Survival Outcomes of Patients with Mantle Cell Lymphoma: A Retrospective, 15-Year, Real-Life Study

Hematol. Rep. 2024, 16(1), 50-62; https://doi.org/10.3390/hematolrep16010006
by Emanuele Cencini 1,*, Natale Calomino 2, Marta Franceschini 1, Andreea Dragomir 1, Sara Fredducci 1, Beatrice Esposito Vangone 1, Giulia Lucco Navei 1, Alberto Fabbri 1 and Monica Bocchia 1
Reviewer 1: Anonymous
Reviewer 2:
Reviewer 3: Anonymous
Hematol. Rep. 2024, 16(1), 50-62; https://doi.org/10.3390/hematolrep16010006
Submission received: 26 November 2023 / Revised: 13 January 2024 / Accepted: 16 January 2024 / Published: 18 January 2024

Round 1

Reviewer 1 Report

Comments and Suggestions for Authors

The authors present a very nicely written review of the outcomes of patients treated with Mantle Cell lymphoma at their institution within the last 20 years. While the paper is topical (mantle cell lymphoma continues to be incurable and there is debate about optimal therapy and about the survival of patients today), there are some strong limitations to the manuscript that are not well presented.

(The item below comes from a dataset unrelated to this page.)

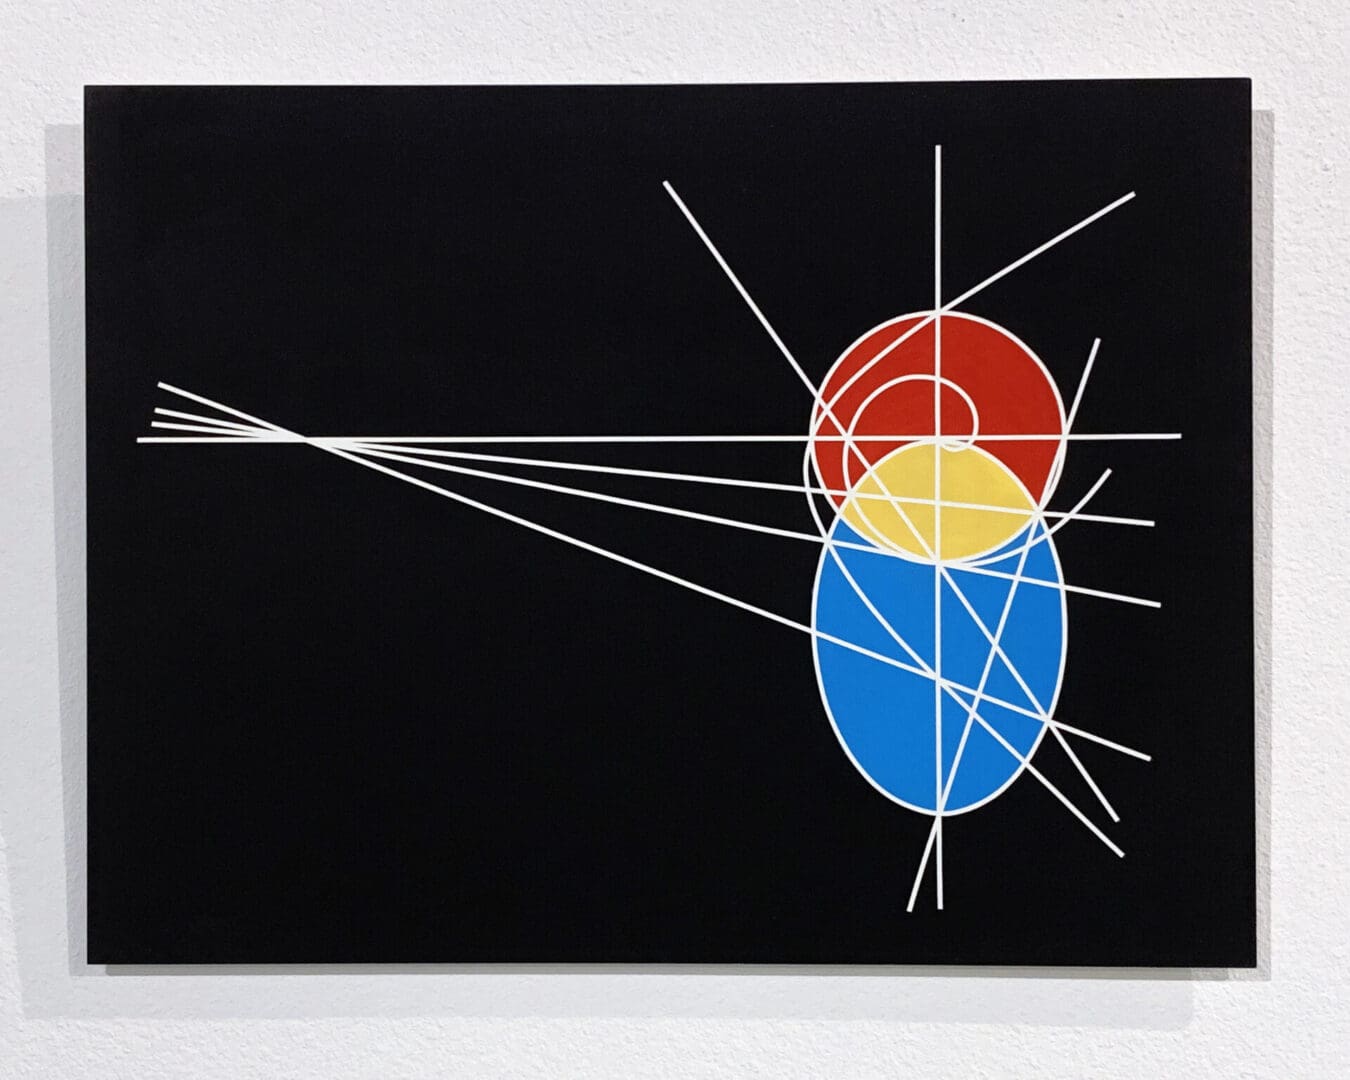 Clifford Singer. Black, Red, Yellow, Blue. 200

The population assessed is NOT a population-based series as is presented (the discussion compares these results to other population-based analyses).  These patients were selected to be referred for treatment at this institution. The authors should better describe how patients are selected for their treatment institution in Italy to better understand the population.  The authors comment that they included even patients treated with palliation yet their series includes only patients who received active therapy. There were no patients in 20 years who were too frail to be treated at all? No patients with CNS disease who may be rare but do very poorly?  No patients with competing comorbidities that would make intensive therapy (rituximab isn't convenient for a frail patient) difficult or not feasible?  The manuscript would be improved by better understanding how these patients were selected.

Given that this is a single-centre review for a rare disease, the number of patients is expectedly small.  Because of this, conclusions about the results should not be strong.  I see no value in performing an analysis for the influence of POD24 for example - if a significant effect was noted, would anyone believe it or care when the sample size in the study is so small?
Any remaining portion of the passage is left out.